PLS Is A Safety Valve.
Without PLS, there would, in all likelihood, be more prison disturbances. PLS staff provide inmates with an important non-violent way to resolve disputes. PLS’ availability to inmates in New York’s 69 prisons and the Willard Drug Treatment Facility reduces tensions and hostility by helping to resolve disputes quickly and helping to ensure a safer environment for prisoners and corrections staff alike. Most prisoners will ultimately be released. To assure public safety, the state must ensure that prisoners will be returning to their communities having been treated humanely and having had access to quality mental health care and other programs while in prison. PLS works towards those goals and is a sound investment toward public safety.
PLS Is Cost Efficient.
Most of the money that is invested in PLS is returned to the state in cost savings. One example is that in 2011, as a result of our advocacy on disciplinary hearings, sentencing and jail time issues, PLS saved the state over $3.9 million. We did this in spite of the fact that our funding has significantly decreased over the past two years.
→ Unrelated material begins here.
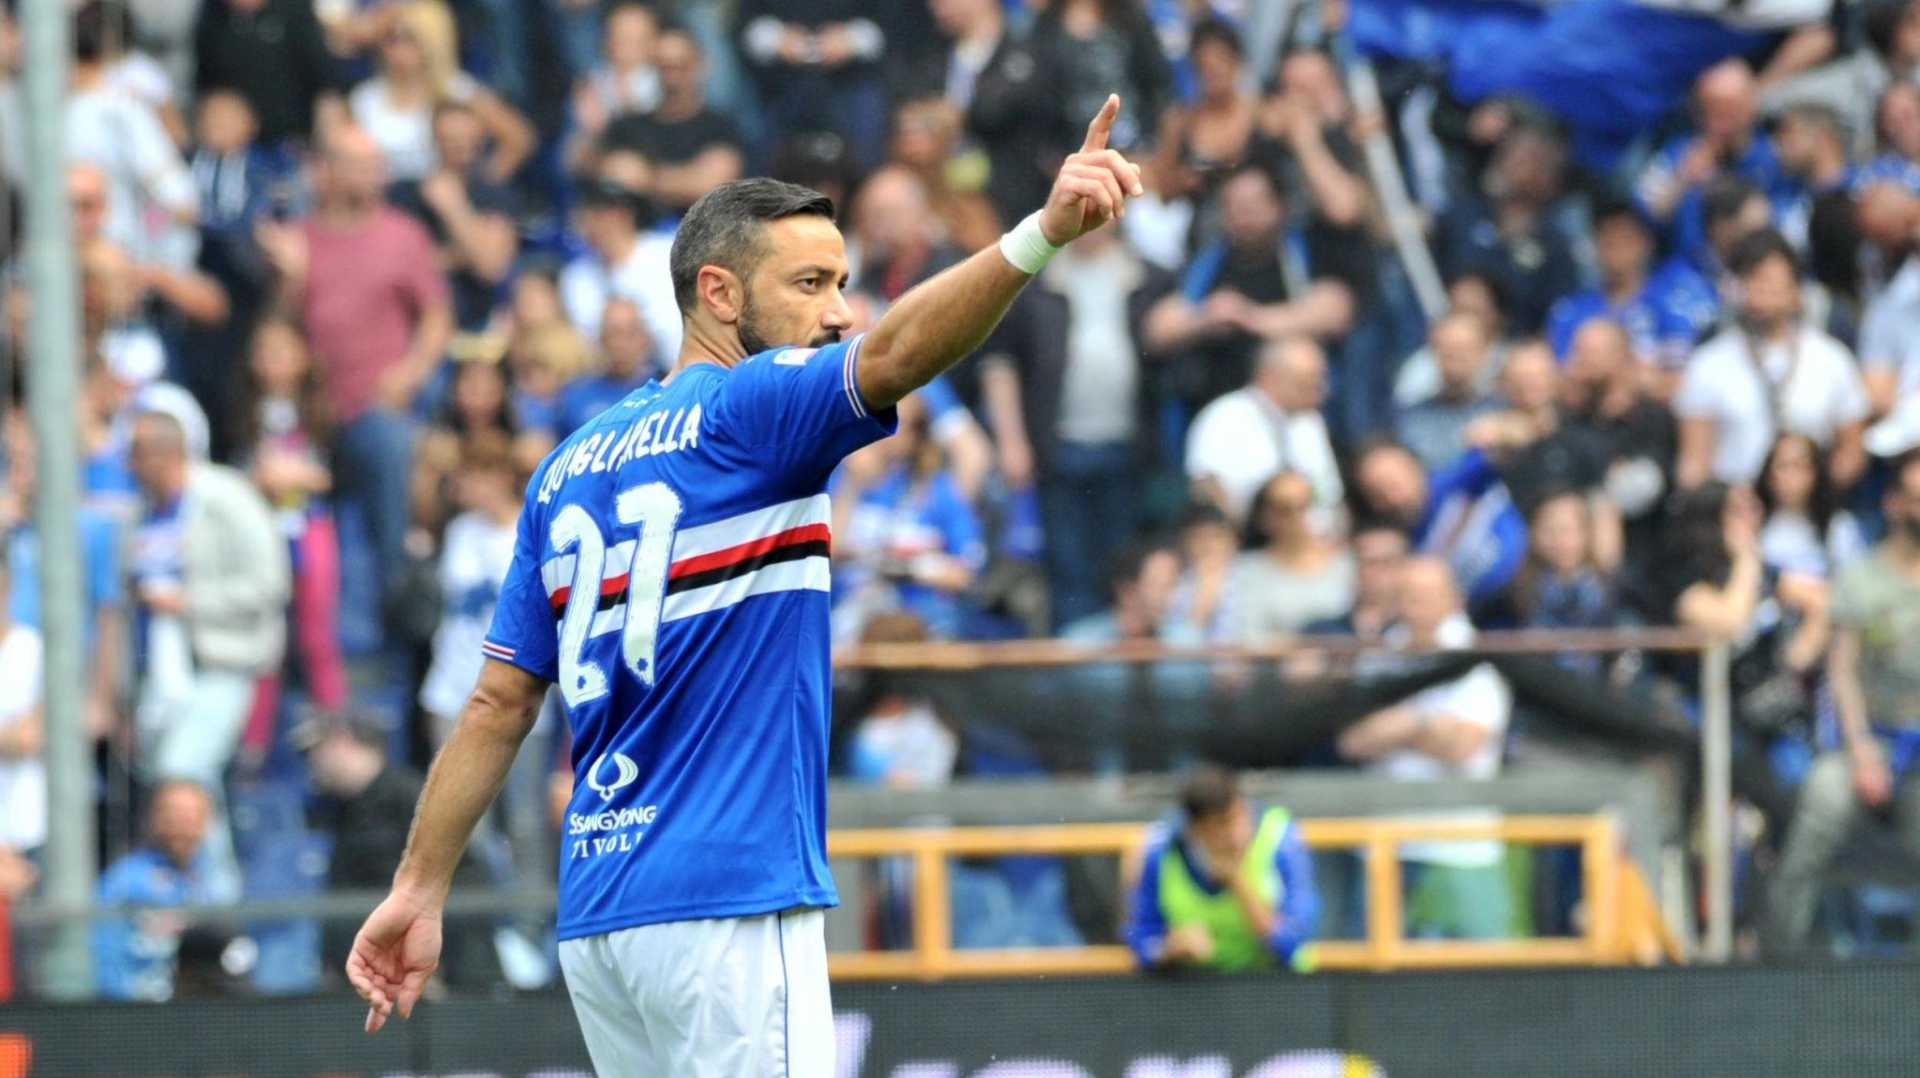 Serie A, Sampdoria: Quagliarella da record

PLS Fills A Critical Void.
PLS responded to approximately 12,000 inmate complaints this past year. PLS’ staff resolves most matters at the administrative level through negotiation. PLS actively discourages the filing of frivolous litigation and litigates only when necessary. Private attorneys rarely take inmate cases and there are no other legal services available to most inmates.
PLS Is Successful.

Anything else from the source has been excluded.